Nee, zorgverzekeraars hebben vooraf niet afgesproken hoe en met welke bronnen regiobeelden
worden opgesteld. Wel hebben de meeste zorgverzekeraars vergelijkbare bronnen gebruikt,
zoals cijfers van het CBS en het RIVM en declaratiegegevens, bronnen die ook door
de zorgaanbieders als betrouwbaar en goed bruikbaar worden gezien.
29.
Welke rol was aan Zorgverzekeraars Nederland toebedeeld om ervoor te zorgen dat de
regiobeelden kwalitatief eenduidig zouden worden?
Met de partijen die de hoofdlijnakkoorden hebben ondertekend, waaronder Zorgverzekeraars
Nederland, is afgesproken dat zorginkopers waar nodig het initiatief nemen om een
regiobeeld op te stellen.
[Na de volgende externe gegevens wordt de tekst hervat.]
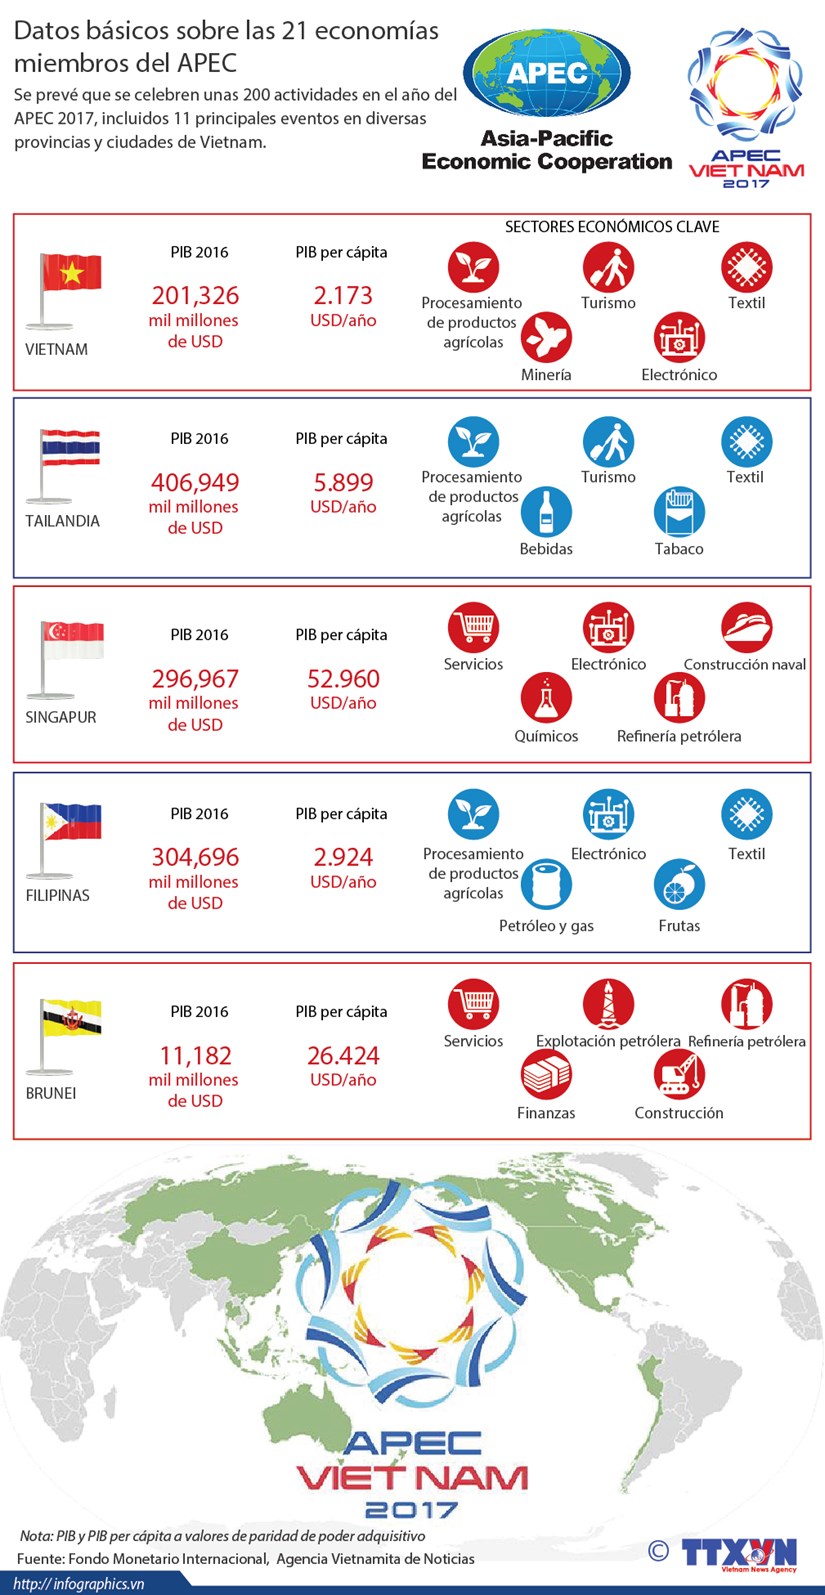 [Infografia] Datos basicos sobre las 21 economias miembros del APEC (parte 4) hinh anh 1

De inhoud en kwaliteit van de regiobeelden is een gezamenlijke
verantwoordelijkheid van alle partijen. Het nastreven van kwalitatief eenduidige regiobeelden
is dan ook geen taak die aan Zorgverzekeraars Nederland is toebedeeld.
30.
Hoe zijn de vier uitgangspunten tot stand genomen zoals genoemd op pagina 11?
Dit betreffen uitgangspunten van Berenschot om het onderzoek zo goed mogelijk vorm
te geven. De eerste twee punten (wegblijven bij «een niet bestaand gemiddelde» en
het hanteren van verschillende aanvliegroutes) zijn tot stand gekomen vanuit de observatie
dat in verschillende samenstellingen en op verschillende niveaus regiobeelden werden
gemaakt. Deze definitie- en contextverschillen moeten in ogenschouw worden genomen
om een zo betrouwbaar mogelijke stand van het land op te kunnen maken. Het derde punt
(«minimale belasting voor betrokkenen») is verbonden met de uitbraak van de coronapandemie.
Het laatste punt («niet veroordelend, maar constructief») sluit aan bij de afspraken
in de hoofdlijnakkoorden. Hierin is bewust ruimte gelaten aan partijen om het «hoe»
en «wat» van de regiobeelden zelf in te vullen, zonder dat hierbij centrale systemen
van monitoring in worden gezet. Het doel van dit onderzoek is dan ook niet om te oordelen
over de wijze waarop partijen met de opgave aan de slag gaan, maar juist om op te
halen waar zij tegenaan lopen en wat er voor nodig is om deze belemmeringen weg te
nemen, waardoor partijen nog beter invulling kunnen geven aan de gemaakte afspraken.
31.
Wordt hier met het woordje «nog» gesuggereerd dat er wel sprake van «een definitie
van het regioniveau waarop een regiobeeld tot stand zou moeten komen» hád moeten zijn,
aangezien in het rapport staat dat een belangrijke eerste constatering is dat in de
hoofdlijnakkoorden (HLA) nog geen sprake was van een definitie van het regioniveau
waarop een regiobeeld tot stand zou moeten komen?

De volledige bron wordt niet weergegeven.